Scientists may be one step closer to predicting the uncertain course of relapsing-remitting multiple sclerosis (MS), a disease that can lay dormant for months or years, thanks to the discovery of a unique genetic marker. The marker, detailed by researchers in the August edition of The Journal of Immunology, is the first of its kind to be directly linked to MS.
The study, supported by funding from both the National Institutes of Health (NIH) and the Ohio State Center for Clinical and Translational Science (CCTS) was conducted by a team of scientists with The Ohio State University using blood samples from patients with MS, as well as mouse models. Researchers uncovered the molecule miR-29, while working to identify a biomarker in the blood that could indicate if a patient had an ongoing inflammatory response, such as MS.

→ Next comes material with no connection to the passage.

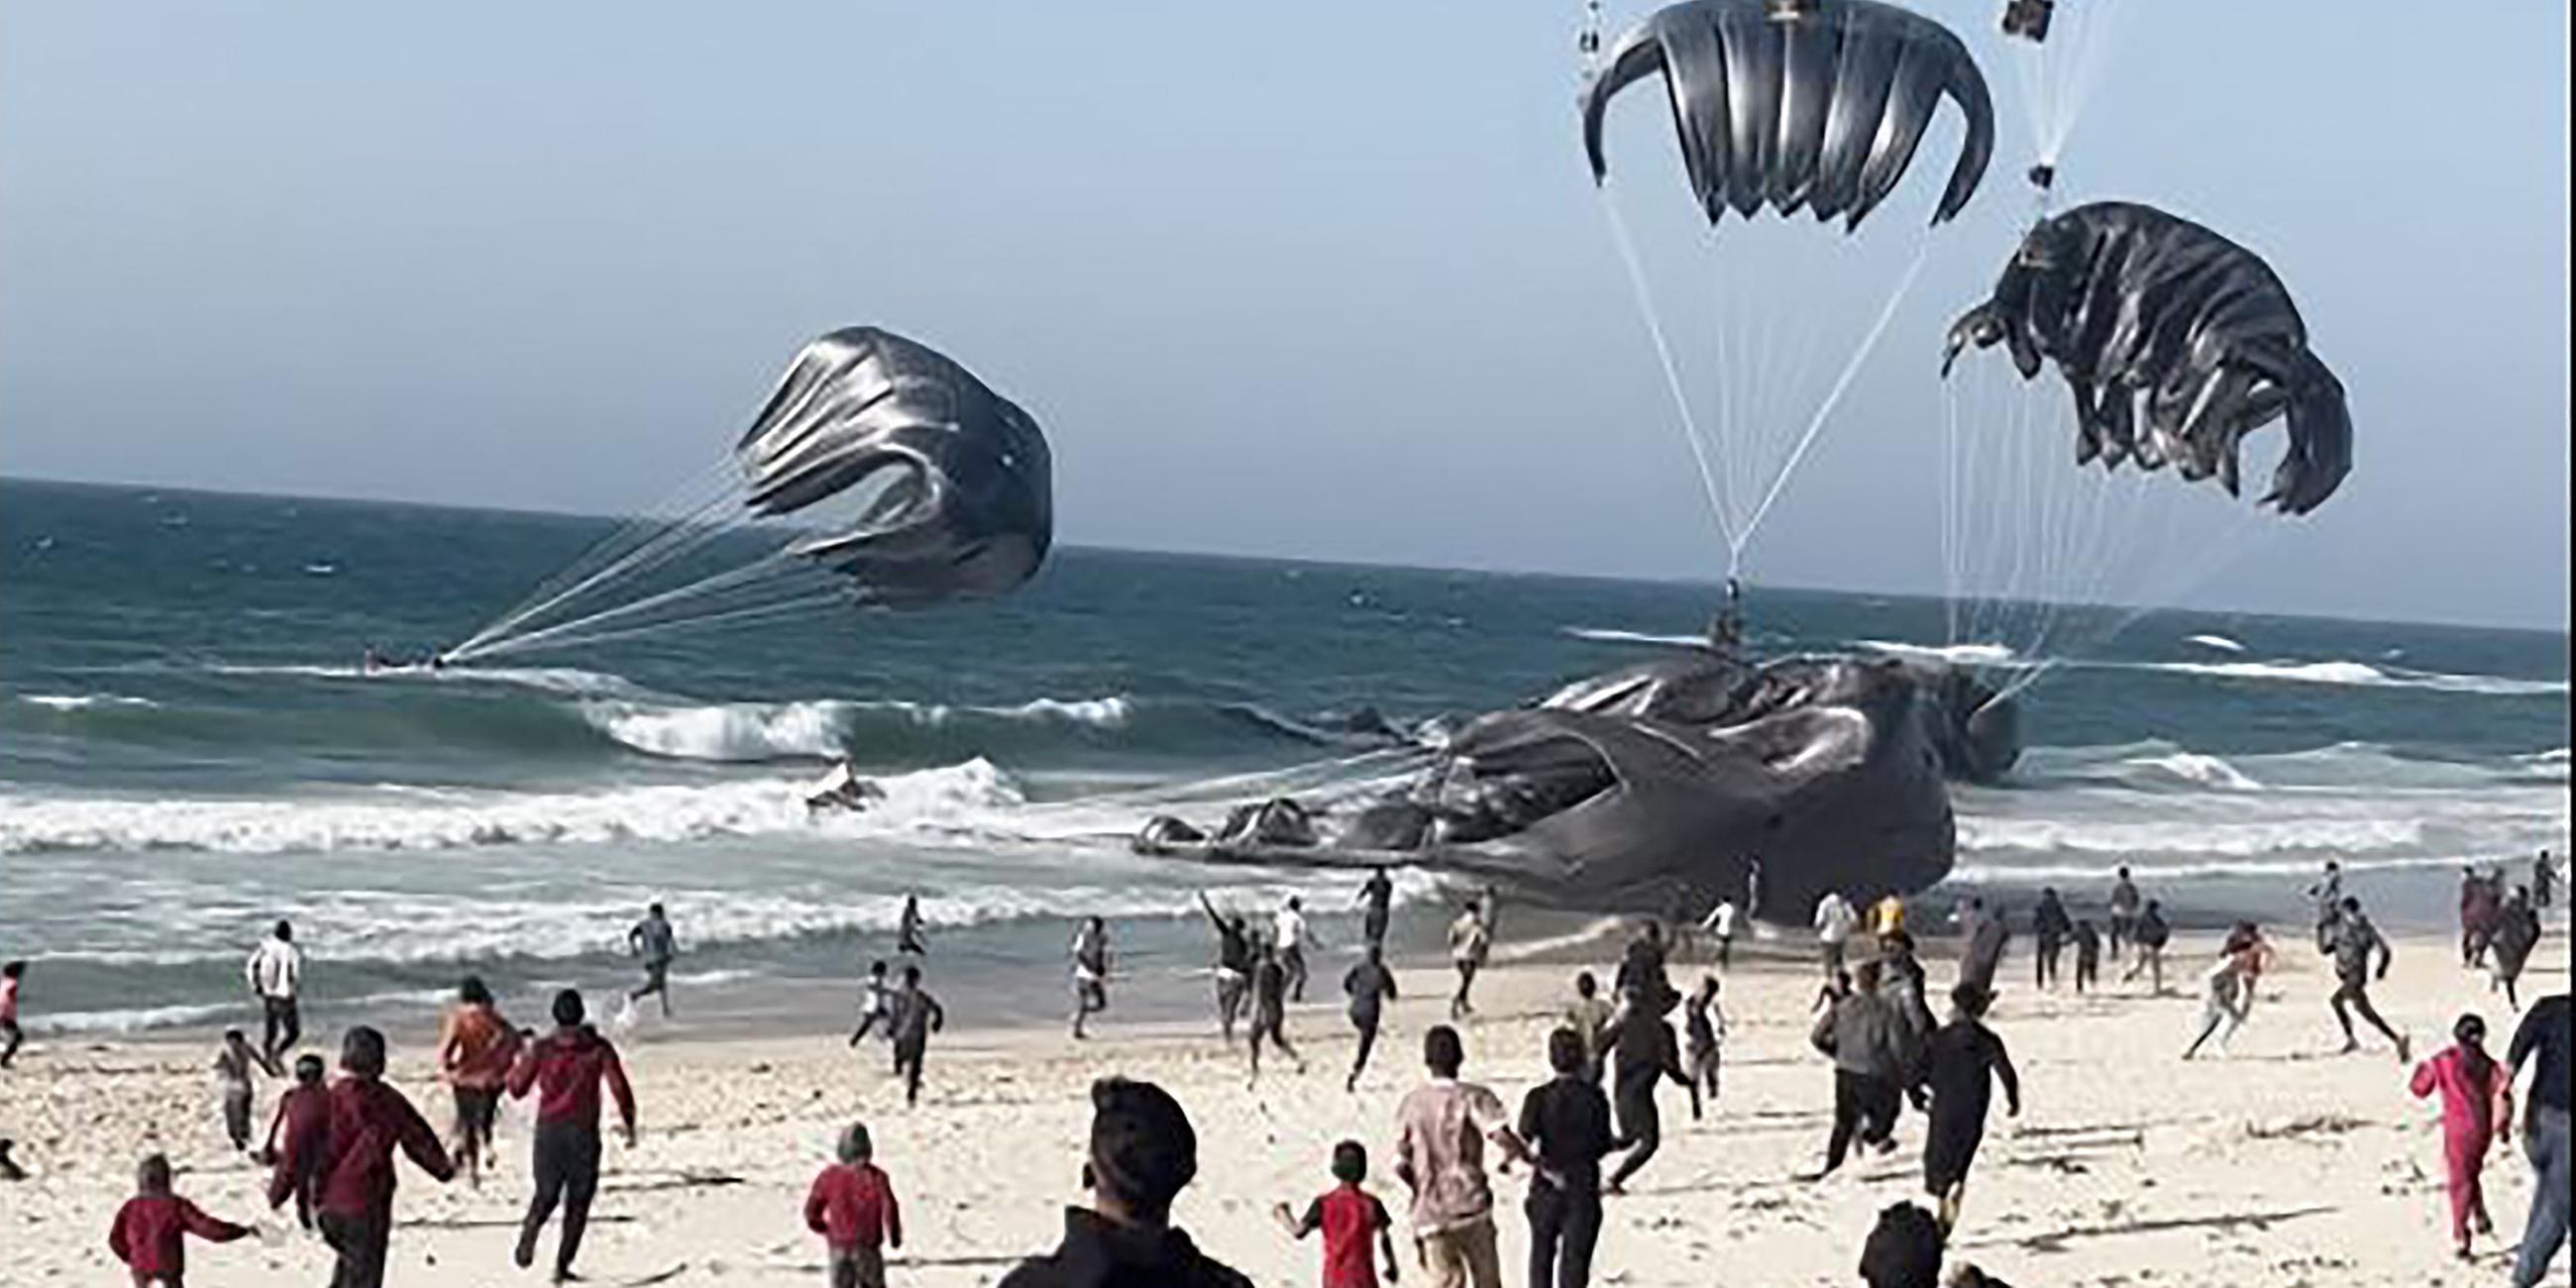 Gazastreifen: Palästinenser rennen auf Fallschirme zu, an denen Lebensmittelpakete befestigt sind.
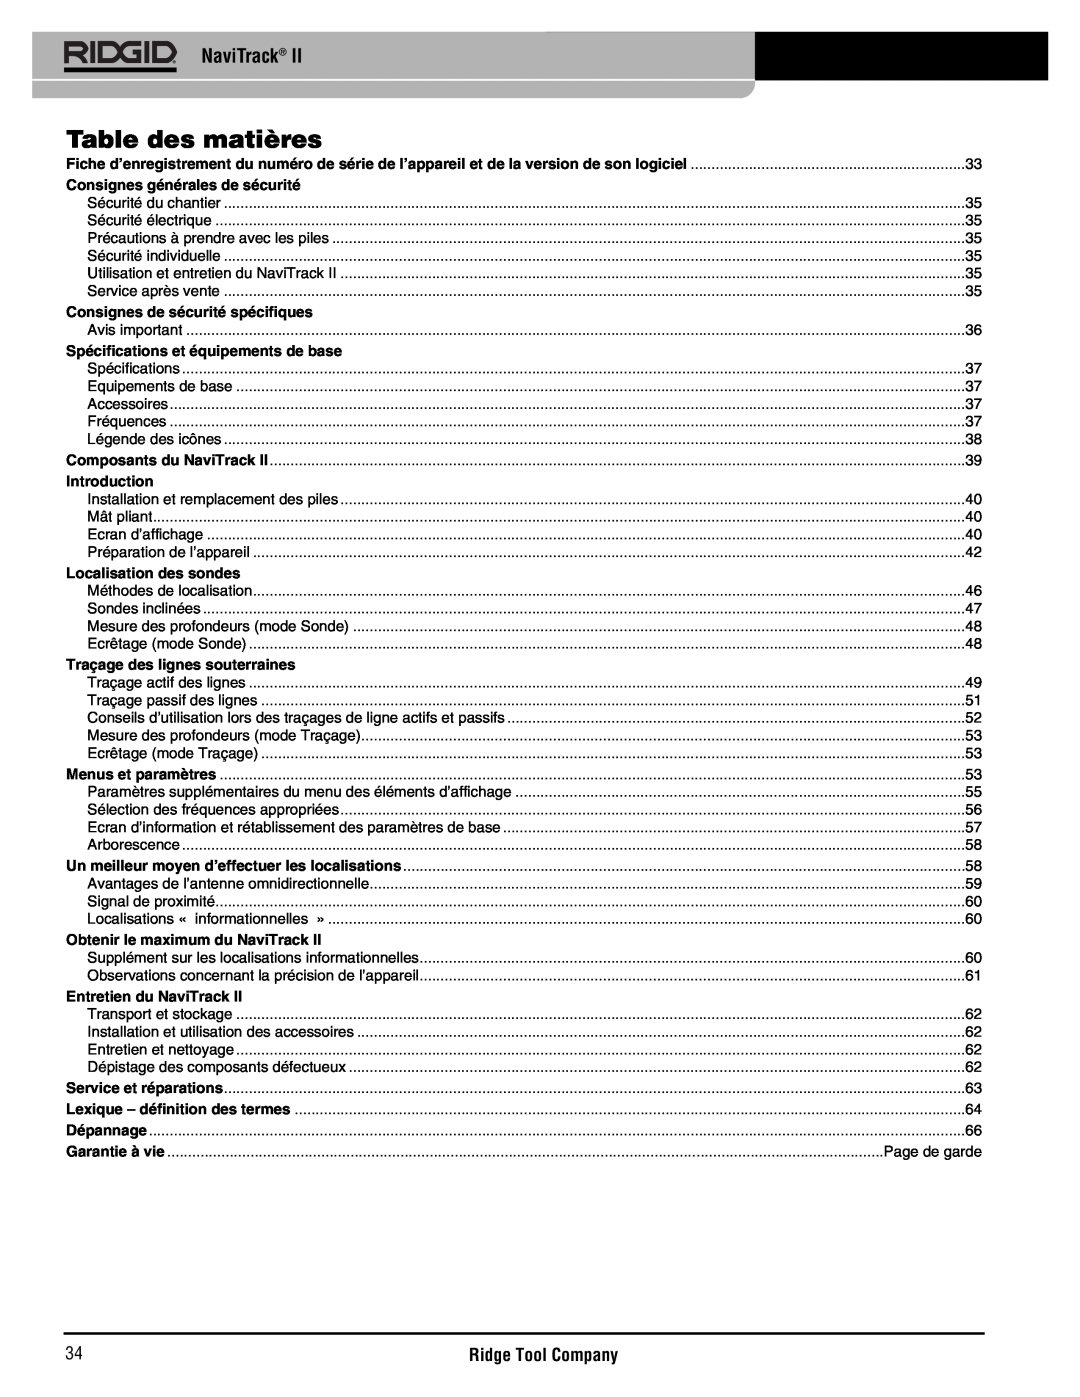 RIDGID Metal Detector manual Table des matières, NaviTrack, Page de garde

"Our research was inspired by the knowledge gap that existed between microRNA and MS, as well as the unpredictable nature of MS," said Kristen Smith, Ph.D., principal investigator, who received a "mentorship grant" to conduct the study alongside senior scientists at The Ohio State University Wexner Medical Center. "By identifying a unique marker associated with MS, we hope to inspire a relatively noninvasive test that could identify and predict the course of the disease, helping clinicians tailor therapies to disease progression."
miR-29 is one member of a group of microRNAs (miRNAs) which are known as critical regulators of the immune system. miRNAs are a relatively new discovery, with nearly 1,400 having been identified to date. In addition to regulating the immune system, miRNAs also regulate gene expression. Previous research has shown miR-29 is responsible for regulating Th1 cells, a type of white blood cell that provides protective immune responses against infection. Uncontrolled, these cells can produce excessive inflammation, leading to tissue damage and autoimmune diseases, such as MS.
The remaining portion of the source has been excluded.